Published online by Cambridge University Press:  06 October 2023

Mordechai Kremnitzer*
Affiliation:
Hebrew University of Jerusalem Faculty of Law, Jerusalem (Israel)

Abstract

The Knesset has recently amended Basic Law: The Judiciary to eliminate the ability of the courts to issue an injunction against the government or any of its ministers based on the reasonableness of their decisions. This article examines this amendment from various angles. The first section posits the amendment as part of a larger plan of the coalition to eliminate judicial review and provide the government with unlimited power. The second section emphasises that the amendment was legislated by the Knesset for itself, raising concern over a conflict of interest. This is followed by a brief explanation of the reasonableness standard in Israeli law, and an assessment of the duty to act reasonably, which stems from the democratic principle of the rule of law. The next two sections assess the many risks that the amendment creates, such as the types of decision that could be made without adhering to a standard of reasonableness, and the trimming of the power of the Attorney General as a legal ‘gatekeeper’. Special emphasis is given to the dangers that the amendment holds for the quality and diversity of the civil service. Finally, the article discusses the multiple reasons why the government should not be immune from a reasonableness check and tackles the arguments against the use of the standard of reasonableness by the courts.

This multifaceted analysis leads to the conclusion that the elimination of the reasonableness standard undermines basic features of democracy and fractures the social contract between the citizens and the government.

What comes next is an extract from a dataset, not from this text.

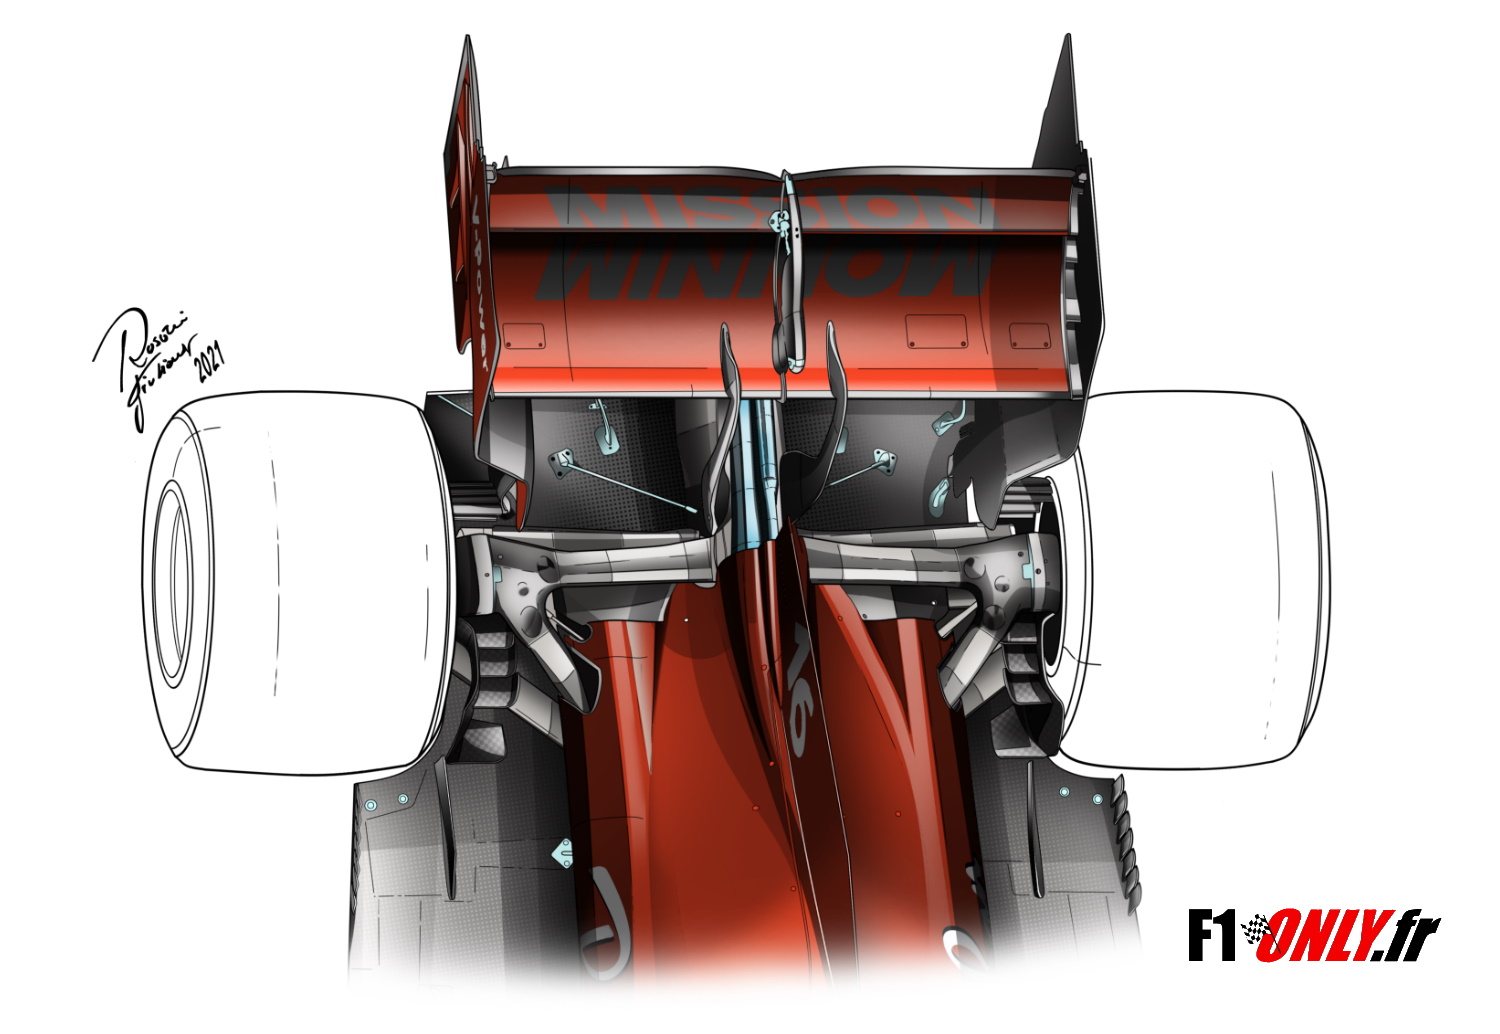 F1 - Technique F1 : Ferrari valide son nouveau système hybride

Therefore, it should not be immune from judicial review.

Type
Symposium Articles
Creative Commons
Creative Common License - CCCreative Common License - BY
This is an Open Access article, distributed under the terms of the Creative Commons Attribution licence (http://creativecommons.org/licenses/by/4.0/), which permits unrestricted re-use, distribution and reproduction, provided the original article is properly cited.
Copyright
Copyright © The Author(s), 2023. Published by Cambridge University Press in association with the Faculty of Law, the Hebrew University of Jerusalem

1. The amendment

Basic Law: The Judiciary has been amended by the addition of the stipulation that those vested by law with judicial authority will not hear cases about or issue an injunction against the government, the Prime Minister or the ministers, based on the reasonableness of their decisions, including appointments and inaction.Footnote 1

Any critique of this legislation, which frees these officials from having to meet the standard of reasonableness, must be made against the background of the judicial overhaul that the coalition has emblazoned on its banner. Taken together, the several elements of the plan yield a clear picture. The goal is, quite simply, to eliminate judicial review and give the government (the coalition)Footnote 2 unlimited power. This inverts the principles of freedom of action for the citizens (freedom to do whatever has not been legally prohibited) and of the government being bound by the law (prohibition from doing whatever has not been legally permitted). The government is exempt from this and is granted total freedom, whereas the liberties of citizens can be repudiated should the government so desire. The unlimited power that the government is seeking meets several objectives:

  • benefiting Netanyahu, especially with regard to his ongoing trial;

  • permitting governmental corruption without limits;

  • enabling the coalition to realise its overarching goals – full control of the Occupied Territories and displacement of their Palestinian residents;

  • establishment of a nationalistic and religious Jewish state with Jewish supremacy, accompanied by the eradication of the humanistic and liberal foundations of our political system;

  • backing the efforts of the ultra-Orthodox leadership to ensure perpetual control of the ultra-Orthodox community, and for ultra-Orthodox men to receive a full exemption from compulsory military service.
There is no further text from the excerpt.